All of the data must be output exactly, with every picture left out.

# Given information
Start of Block

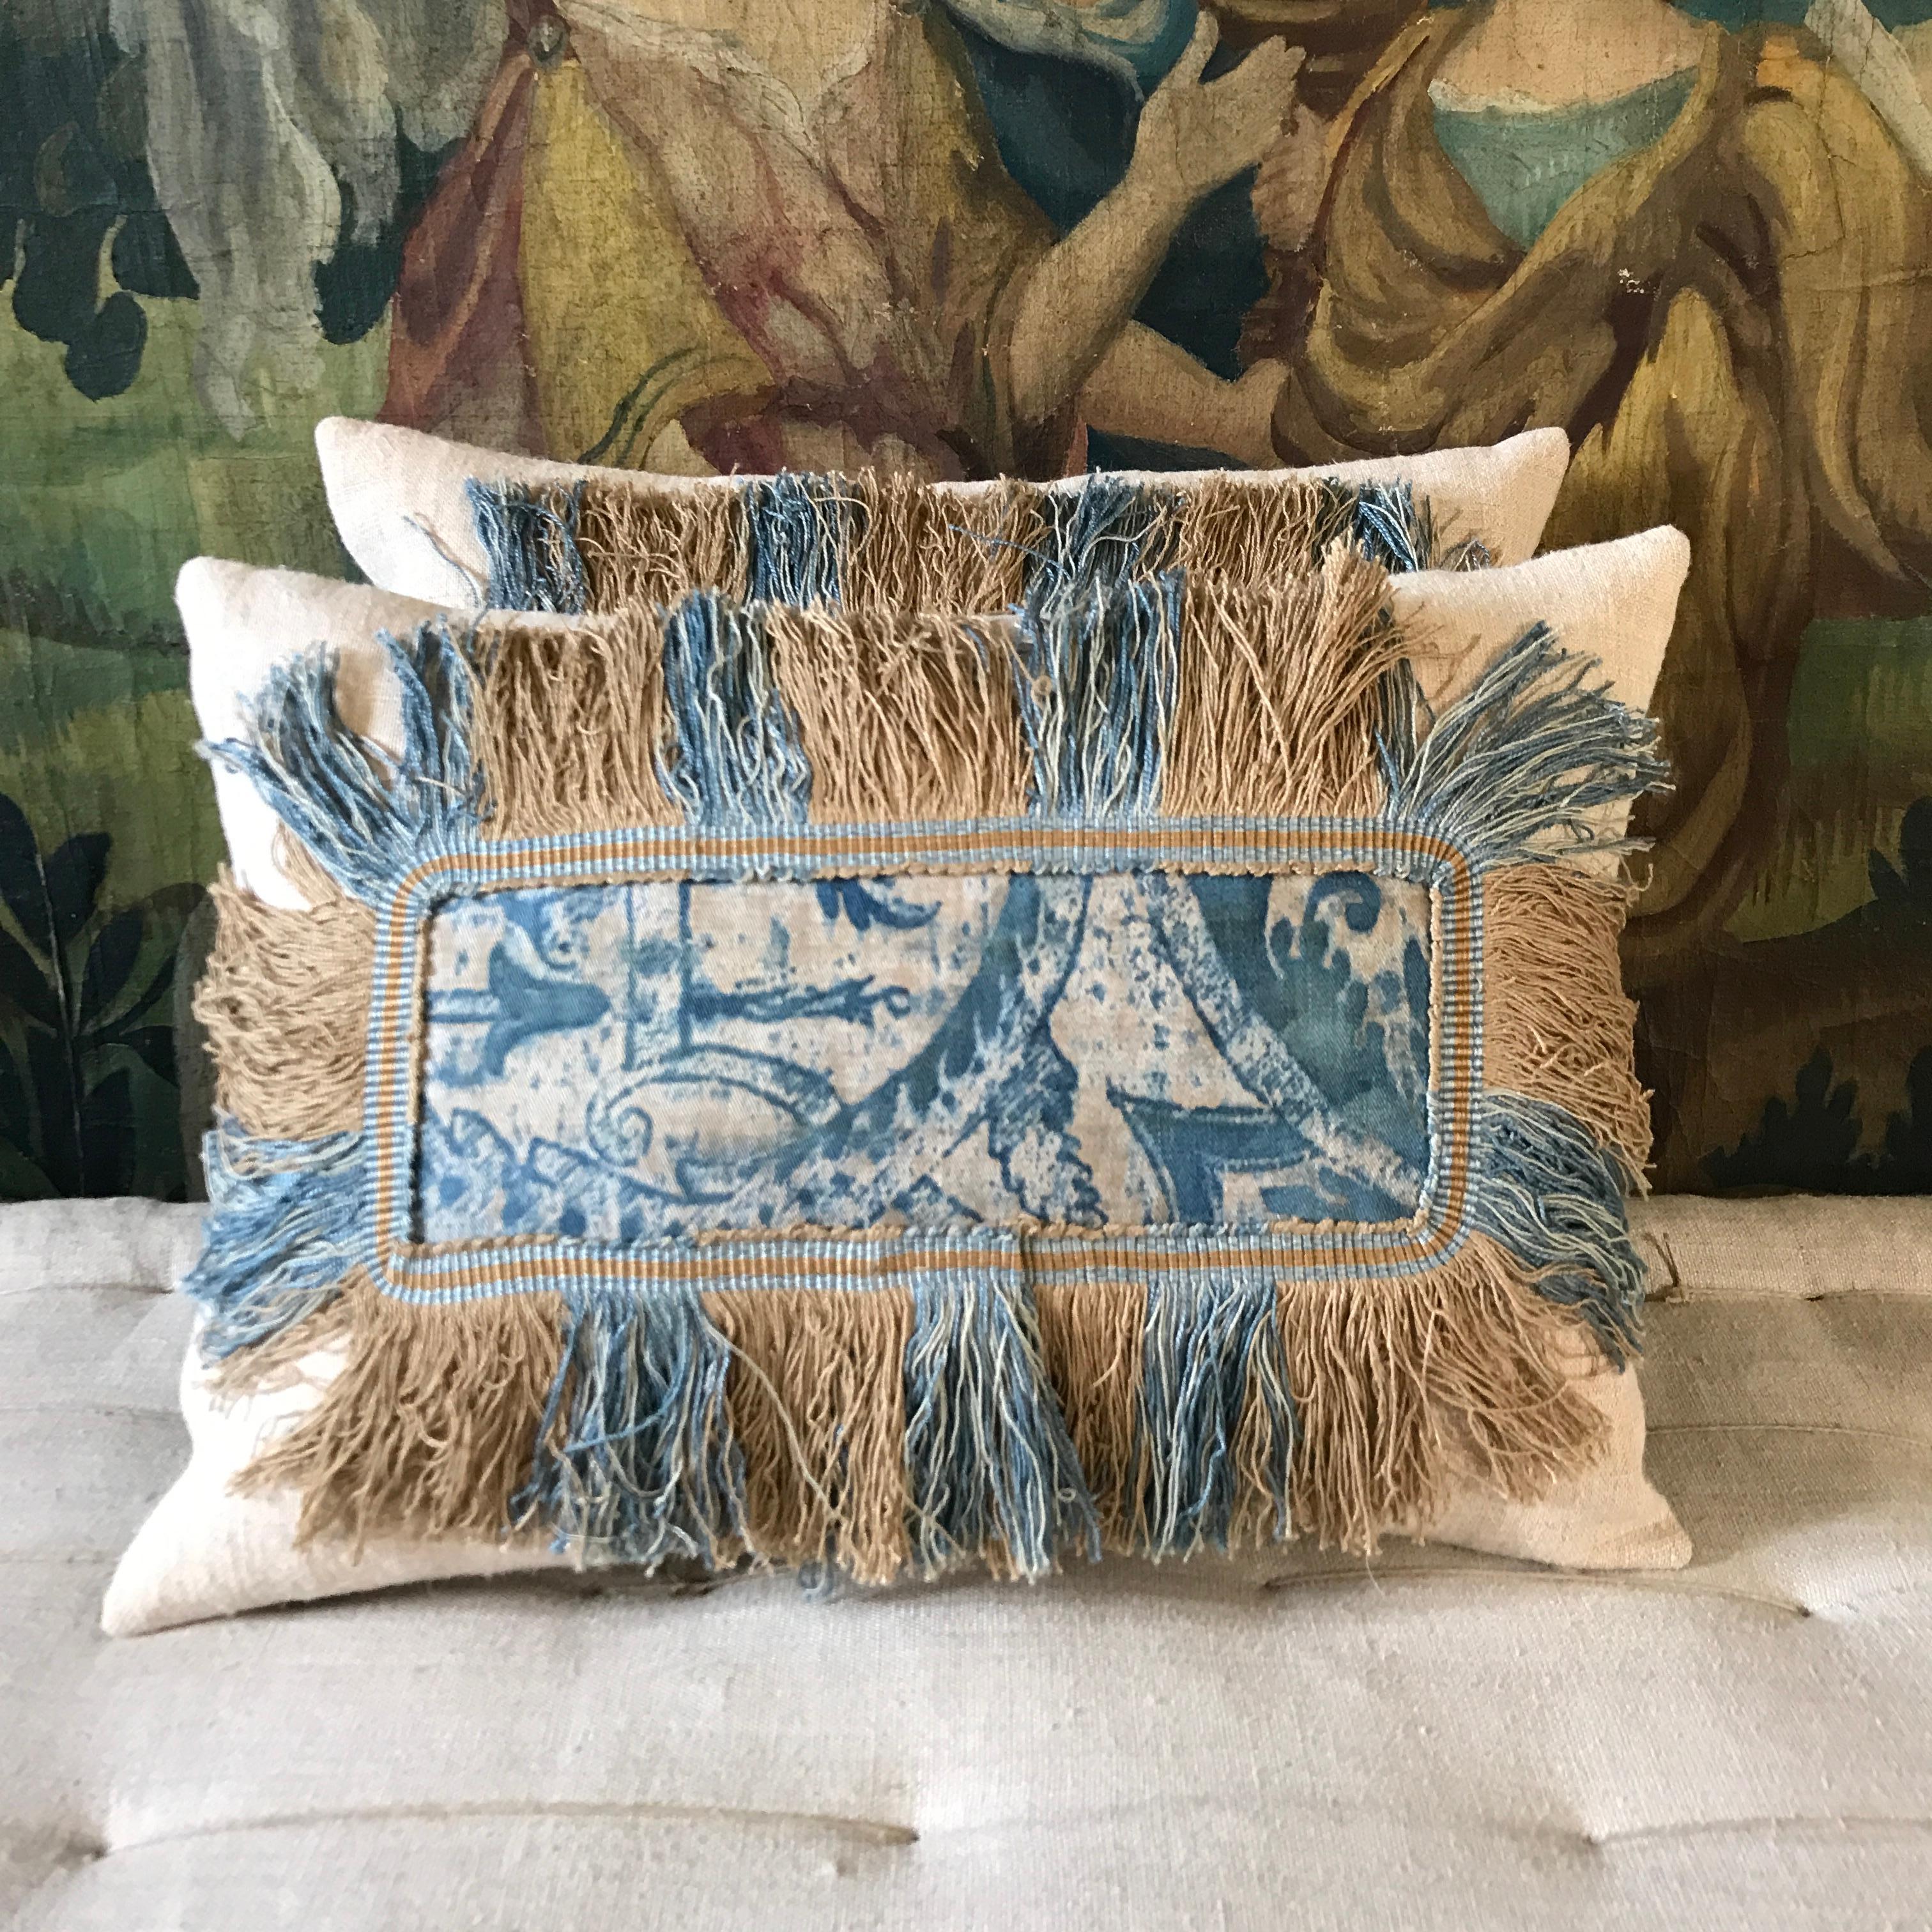 A pair of small cushions made from two fragments of a rare early Fortuny panel circa 1910-20 in a beautiful indigo blue placed on antique linen then trimmed on all edges with a complimentary coloured deep Claremont fringe - with a plain linen to
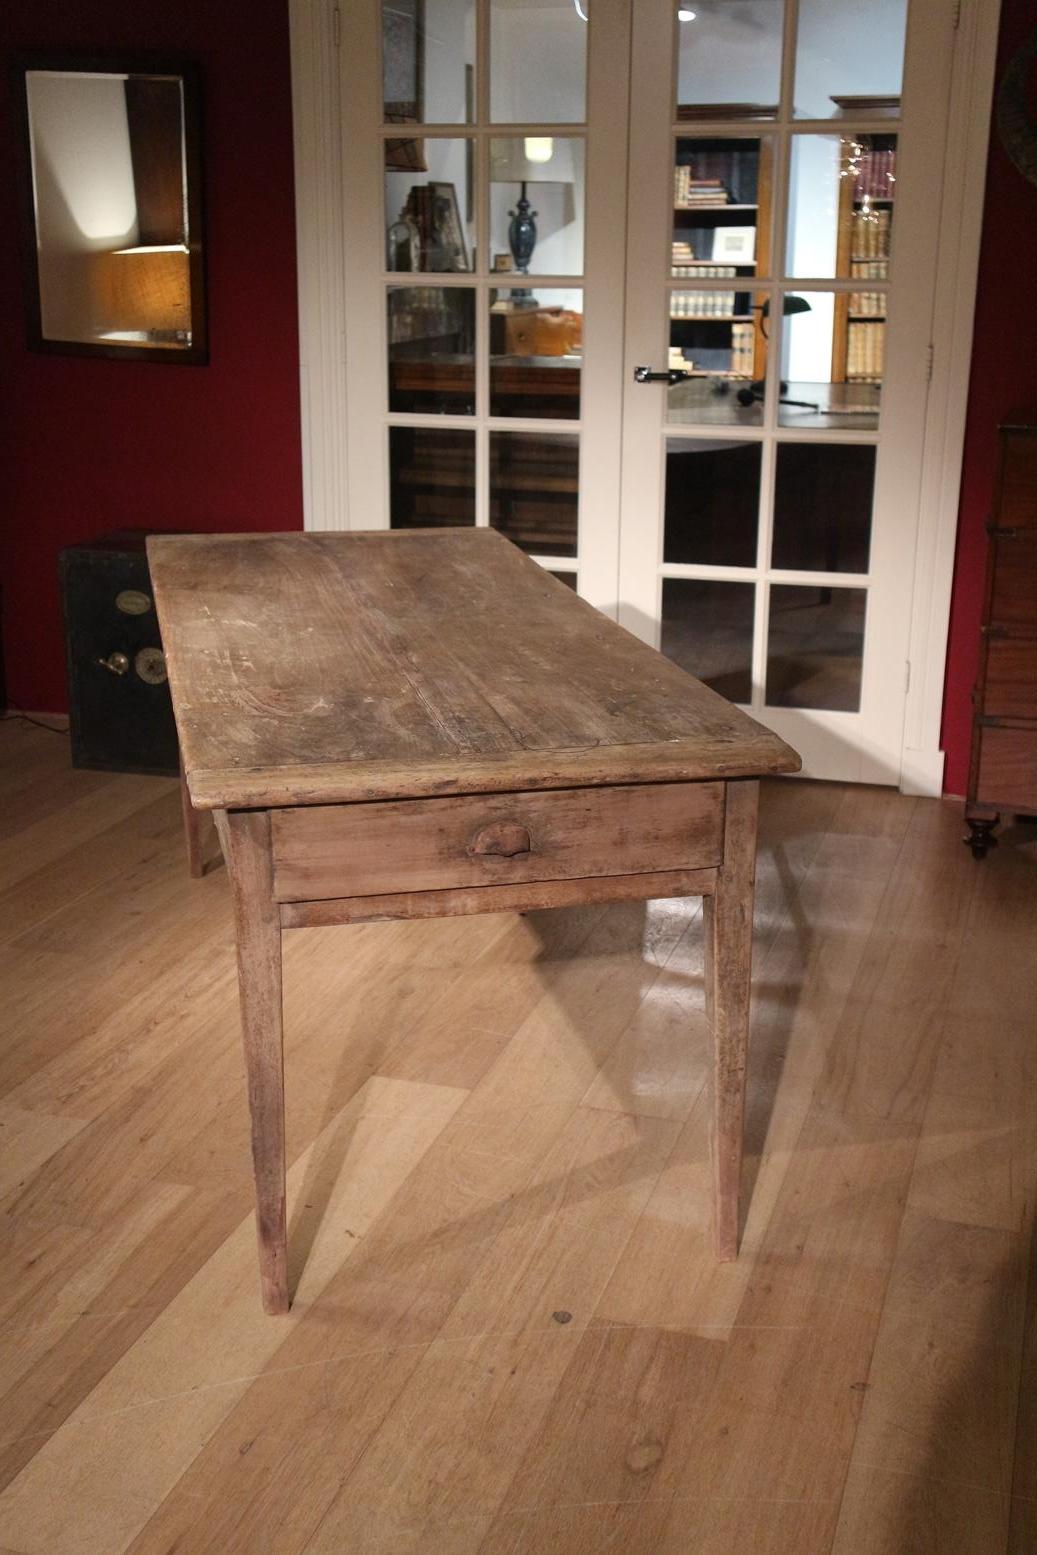 Antique French cherry wood dining room table in completely original condition. Table has 2 drawers. The table is in very good condition. All joints have been glued again, but the outside has been left untouched

Origin: France

Period: 19th

End of Block

# Answer section
 A pair of small cushions made from two fragments of a rare early Fortuny panel circa 1910-20 in a beautiful indigo blue placed on antique linen then trimmed on all edges with a complimentary coloured deep Claremont fringe - with a plain linen to
 Antique French cherry wood dining room table in completely original condition. Table has 2 drawers. The table is in very good condition. All joints have been glued again, but the outside has been left untouched

Origin: France

Period: 19th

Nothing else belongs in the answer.